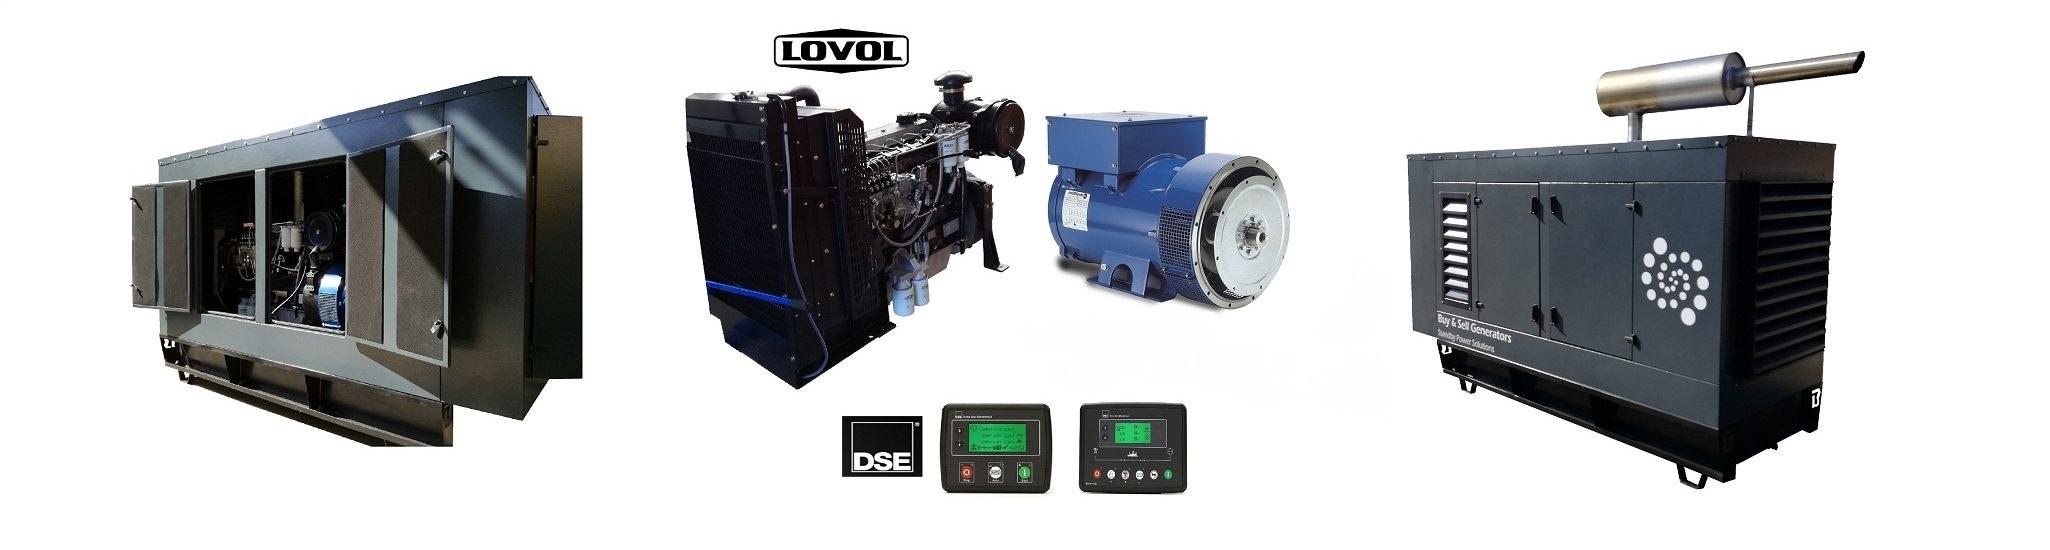 LOVOL-DIESEL-GENERATOR-BANNER-NEW-RESIZED-2100x550
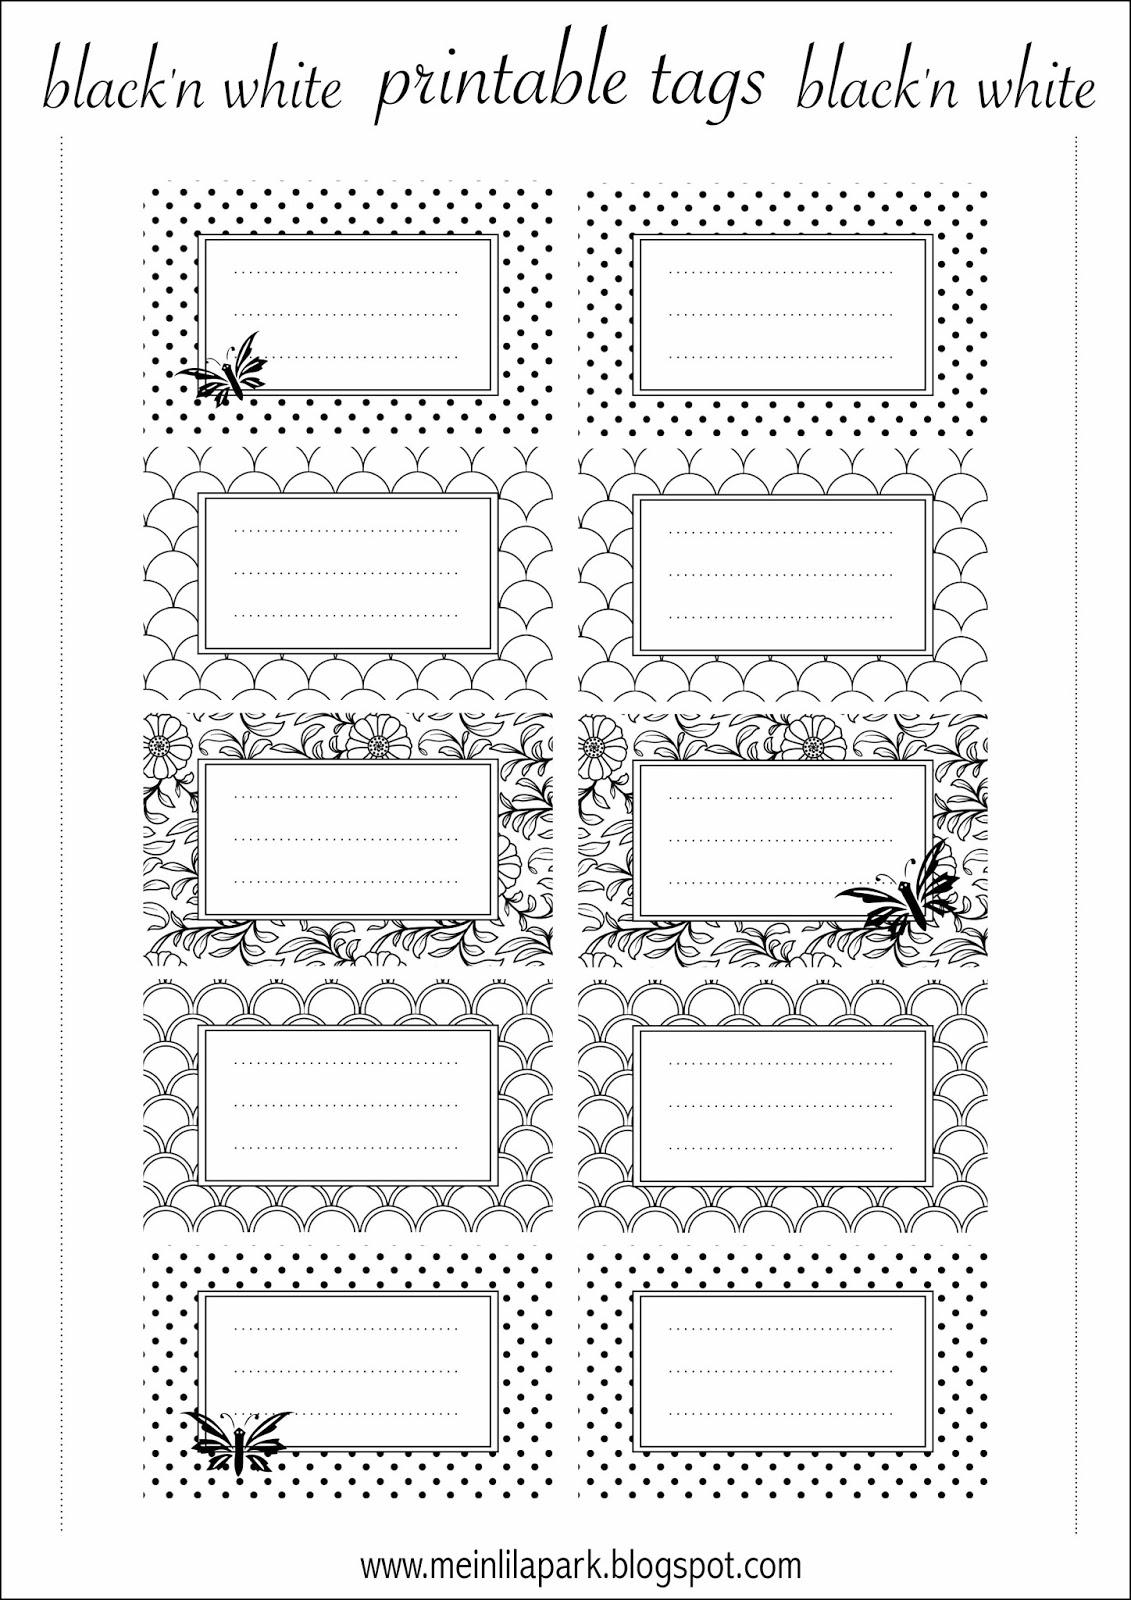 Free printable tags black and white - ausdruckbare ...
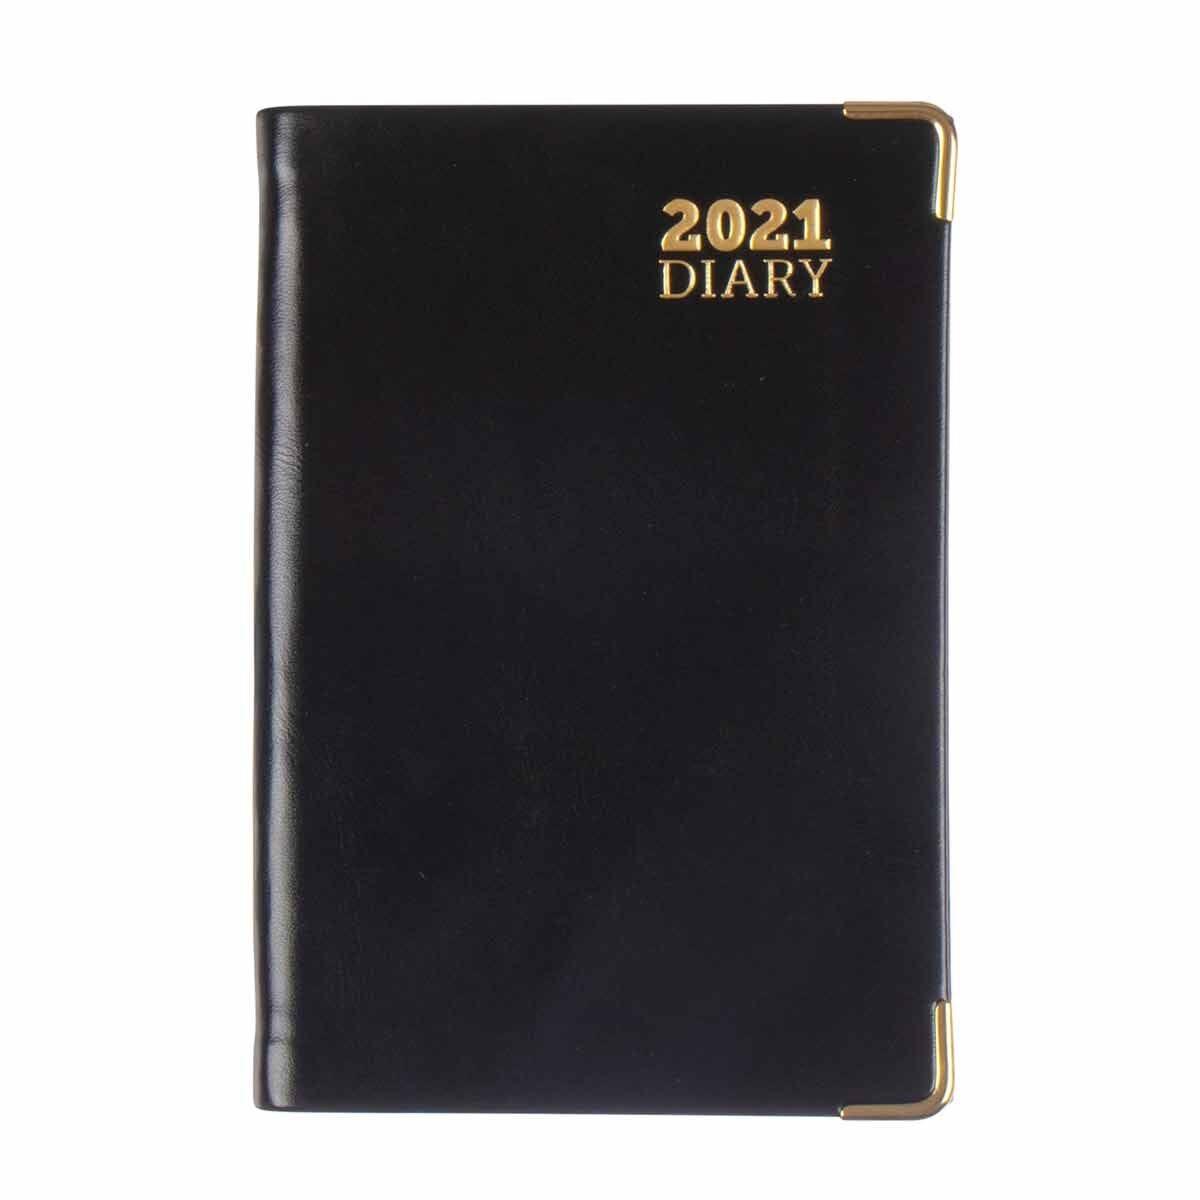 Ryman D2 Diary Week to View Pocket 2021 Black

*INSTRUCTIONS FOR THE TASK*
Reproduce the data verbatim and omit each image.

*EXERCISE OUTPUT*
 LOVOL-DIESEL-GENERATOR-BANNER-NEW-RESIZED-2100x550
 Free printable tags black and white - ausdruckbare ...
 Ryman D2 Diary Week to View Pocket 2021 Black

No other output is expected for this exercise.